__Work order__
Lines from the one containing "The start of" through the end of the material are to be retyped exactly; do not copy pictures.

__Dataset excerpt__
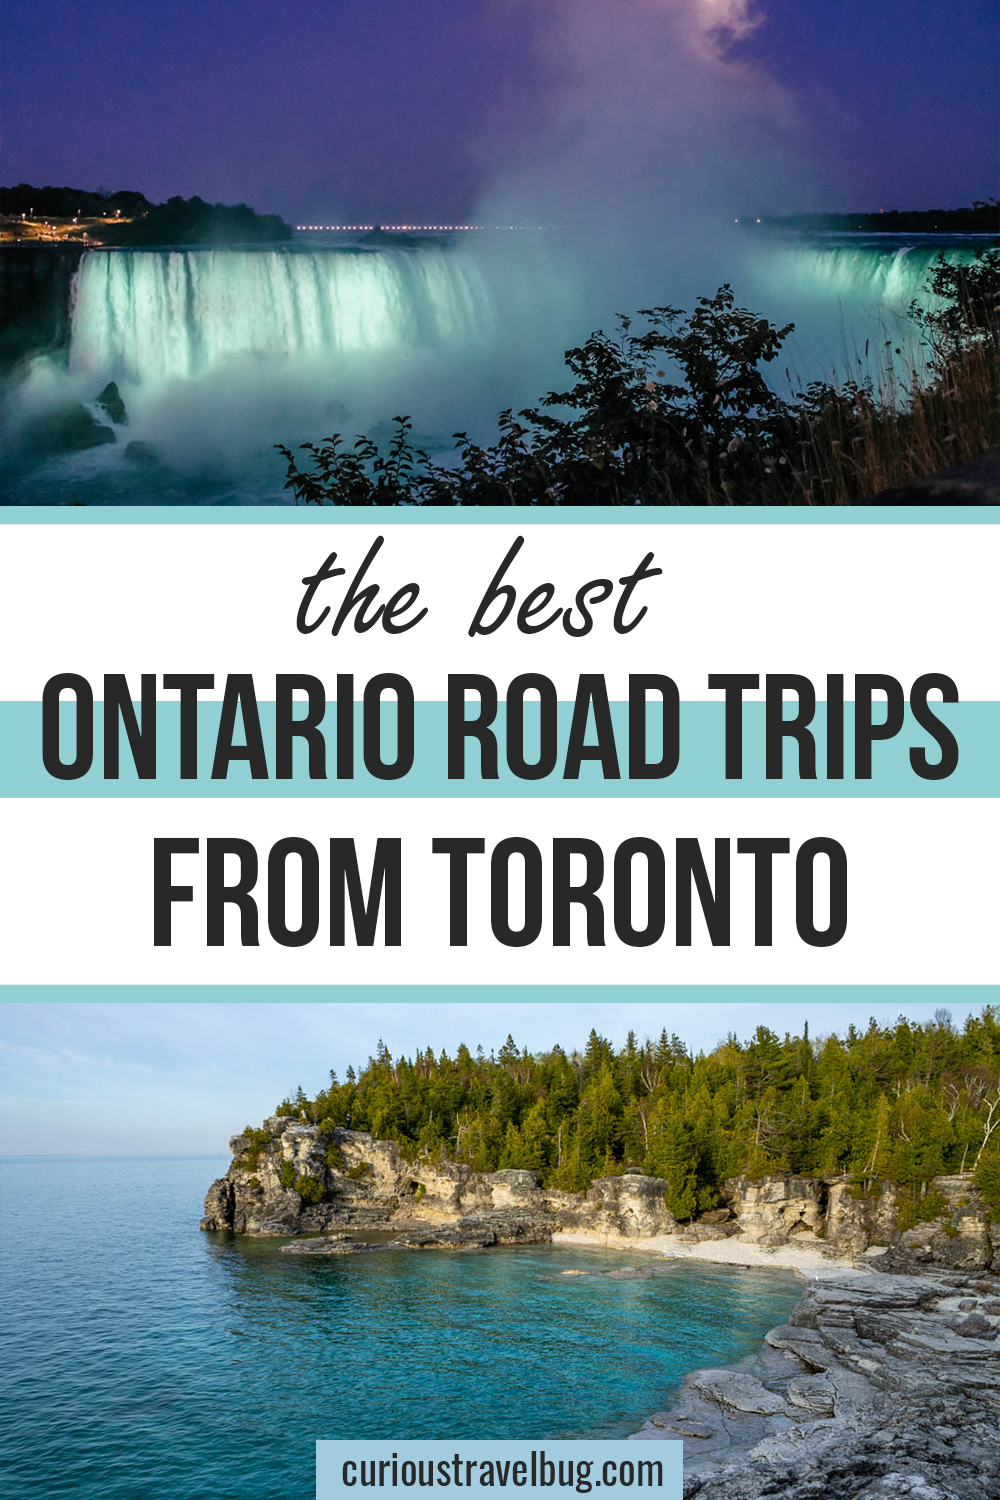 The best Ontario road trips. Includes lots of weekend road trips in Ontario as well as longer trips to take you to the far reaches of the province. All the best natural scenery and parks as well as beaches, wine tasting, and exploring our historic cities and towns.
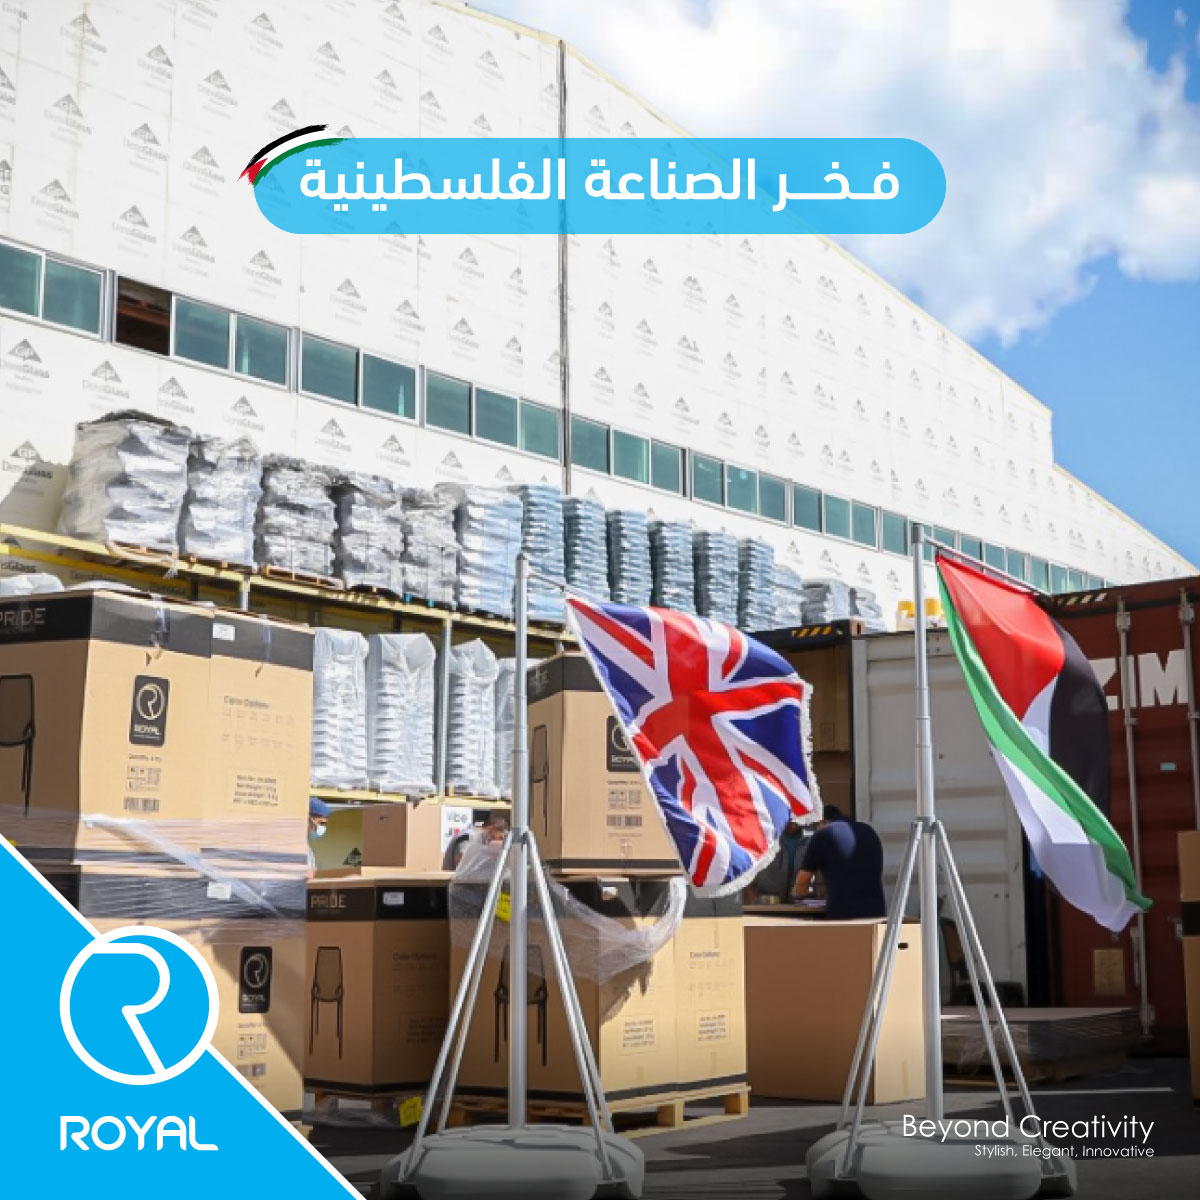 The start of exporting Royal products to Britain
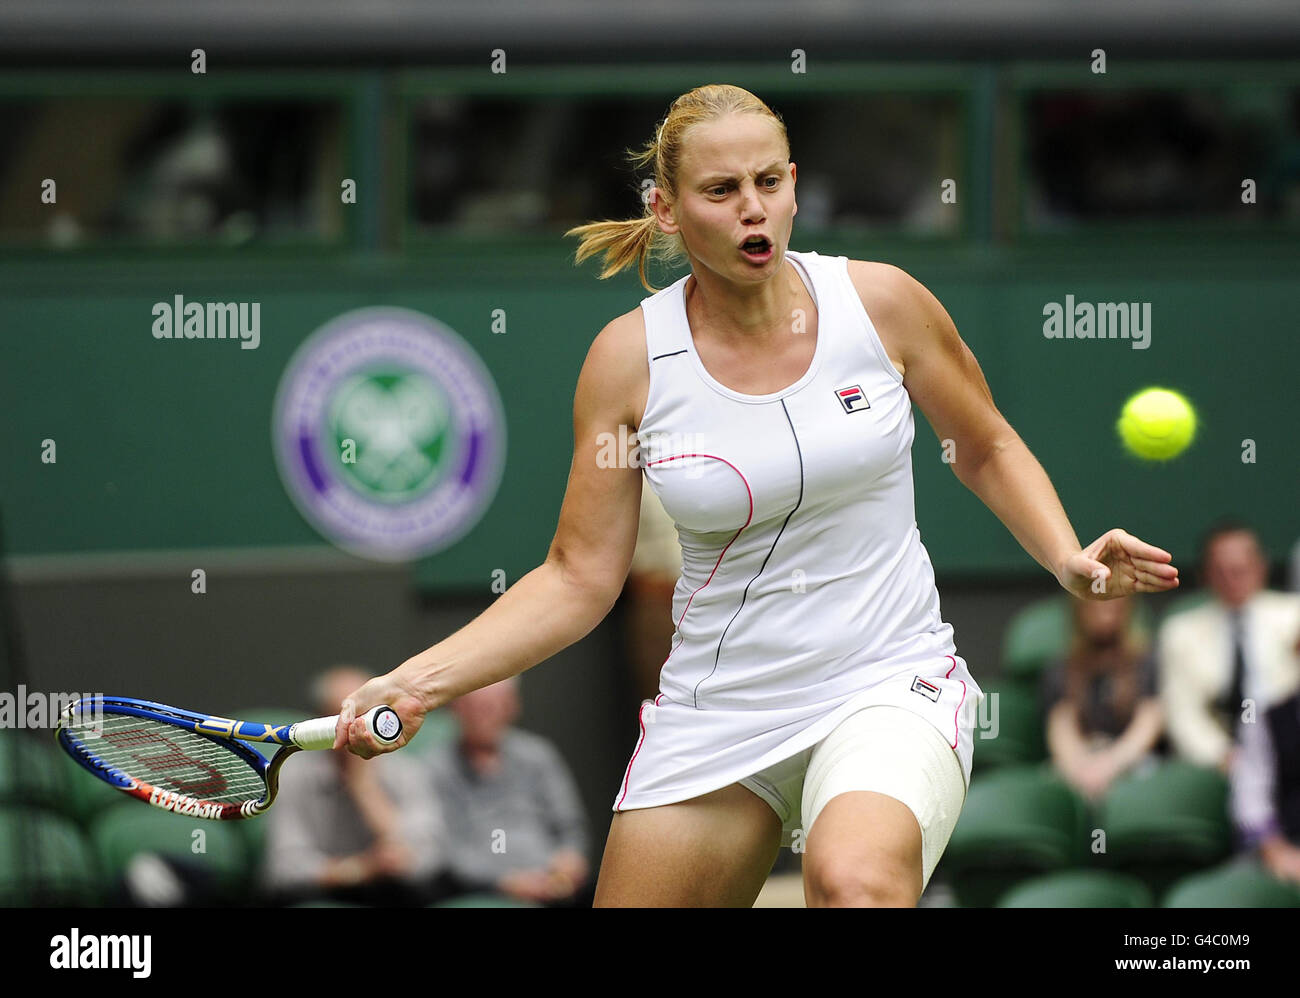 Australia's Jelena Dokic in action against Italy's Francesca Schiavone during the 2011 Wimbledon Championships at the all England Lawn Tennis and Croquet Club, Wimbledon. Stock Photo
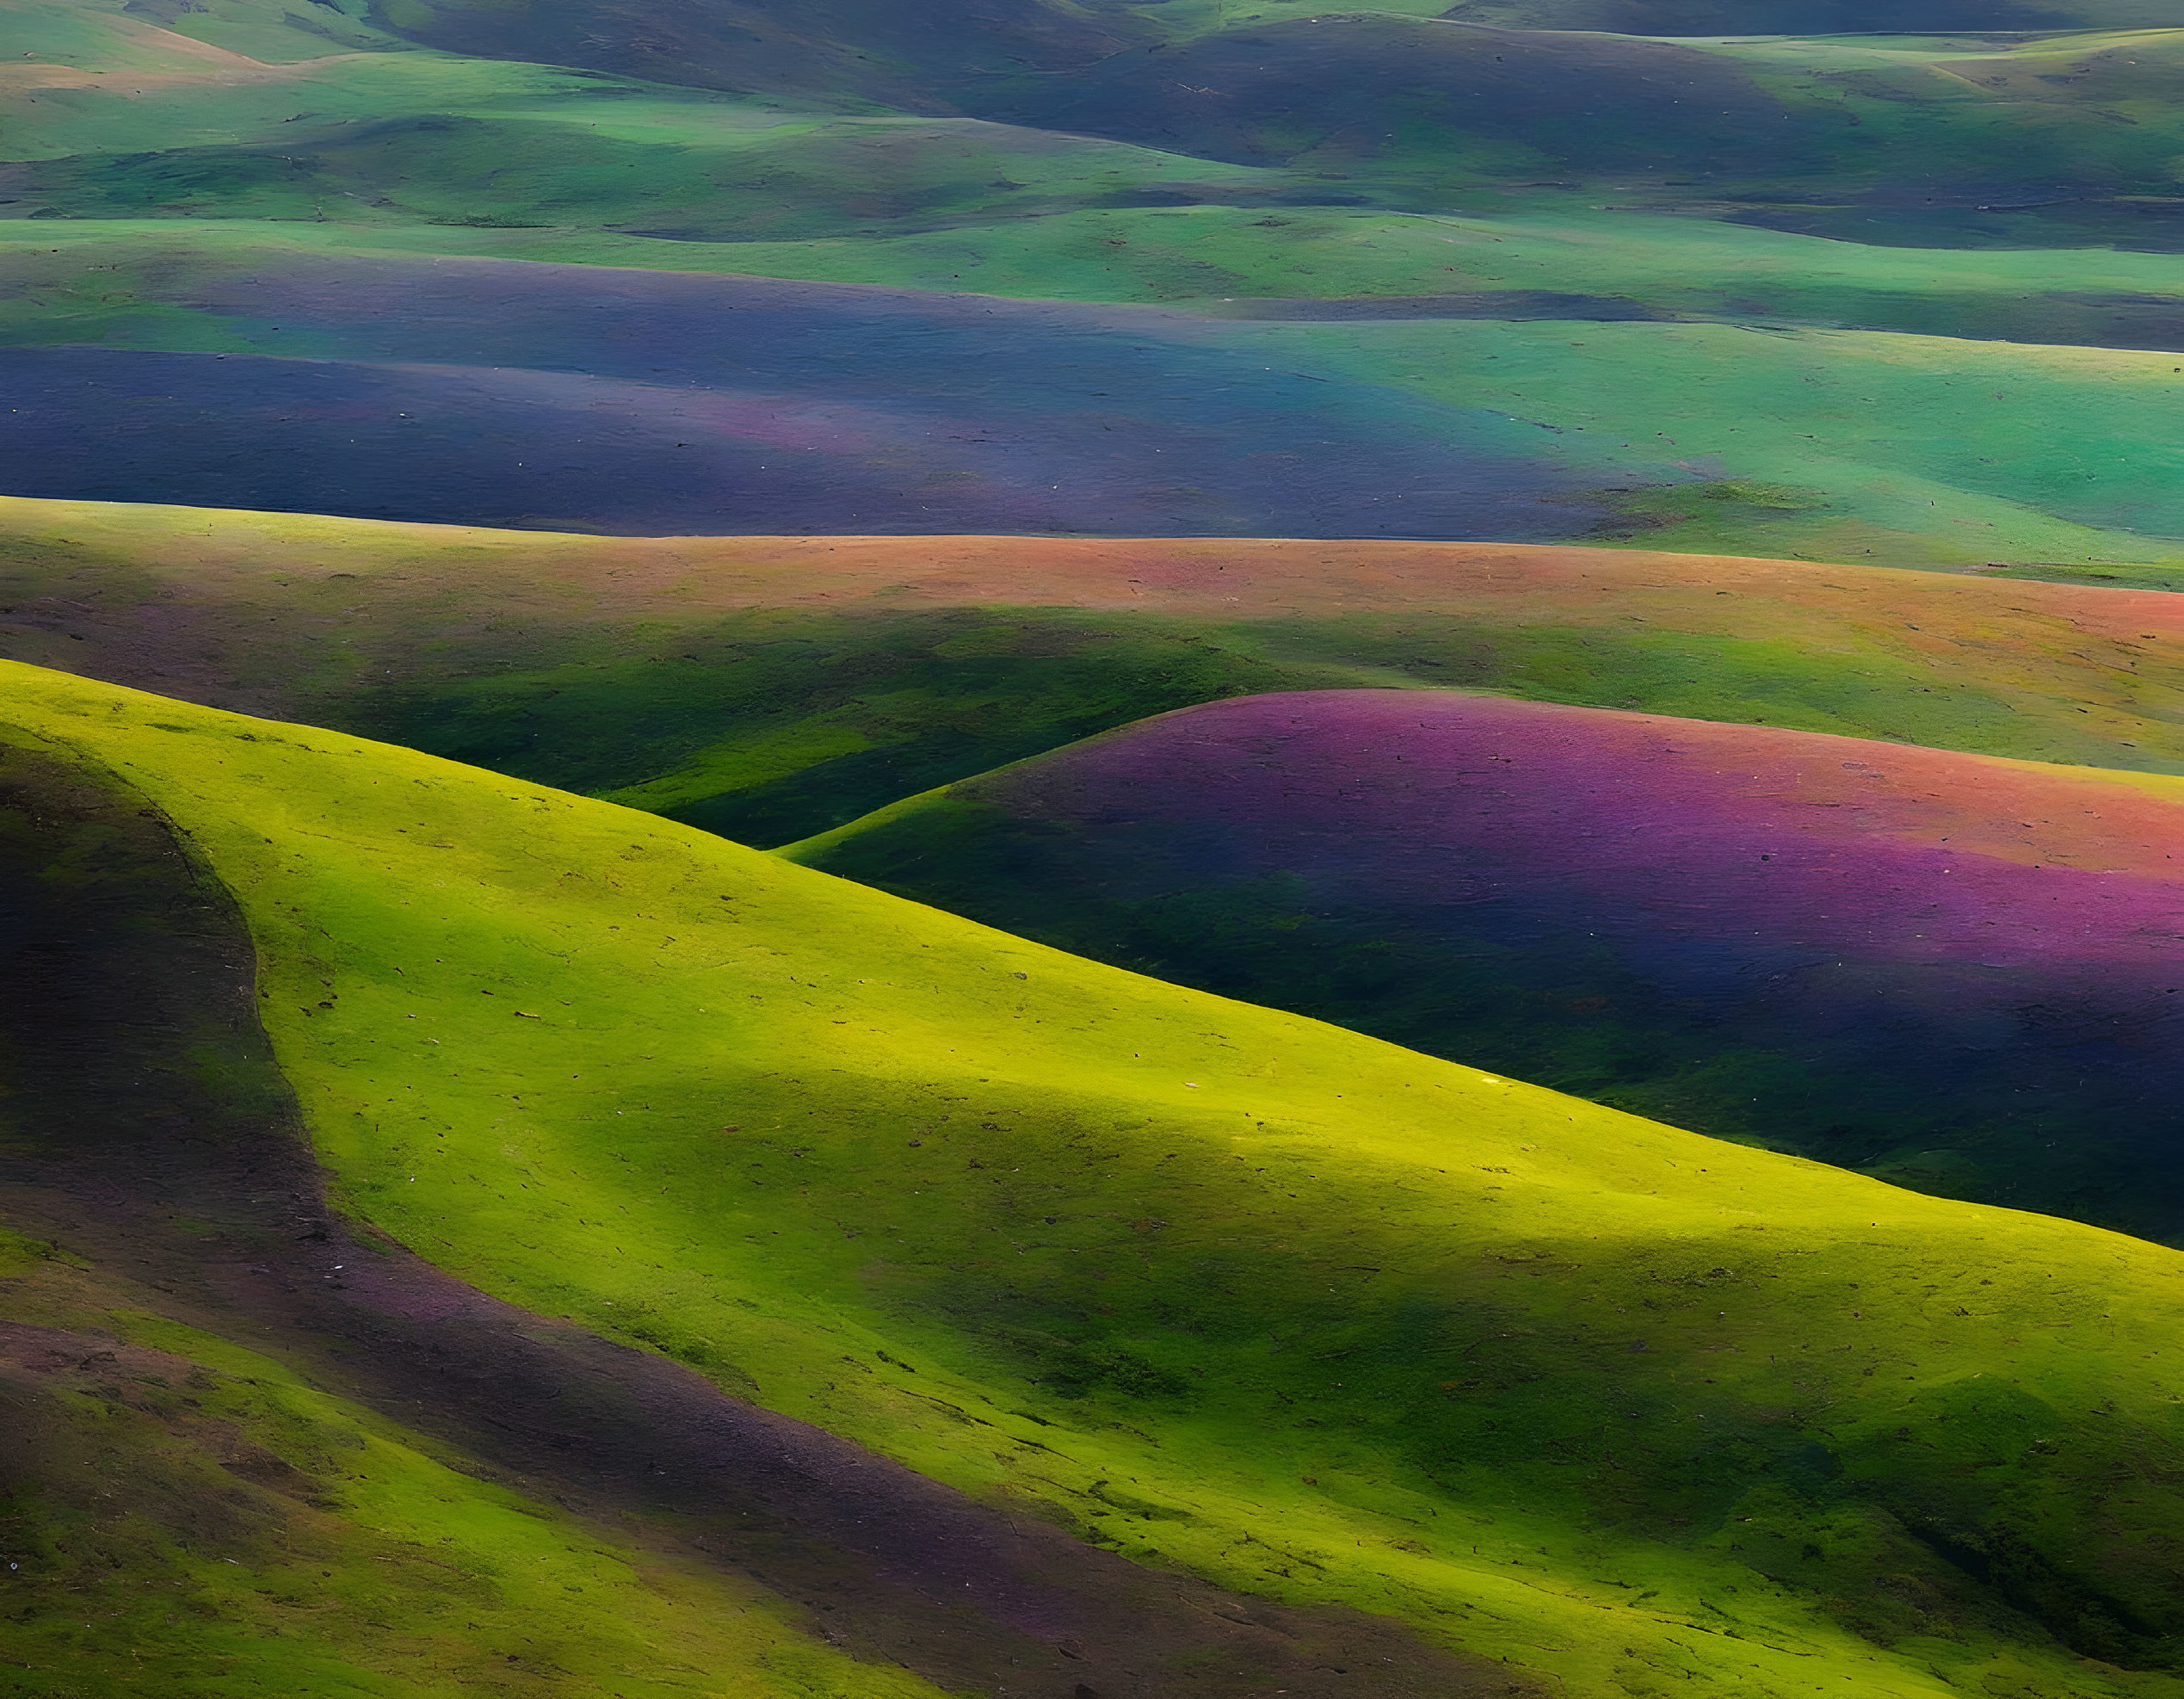 Vibrant purple and green rolling hills landscape view

__Task response__
 The start of exporting Royal products to Britain
 Australia's Jelena Dokic in action against Italy's Francesca Schiavone during the 2011 Wimbledon Championships at the all England Lawn Tennis and Croquet Club, Wimbledon. Stock Photo
 Vibrant purple and green rolling hills landscape view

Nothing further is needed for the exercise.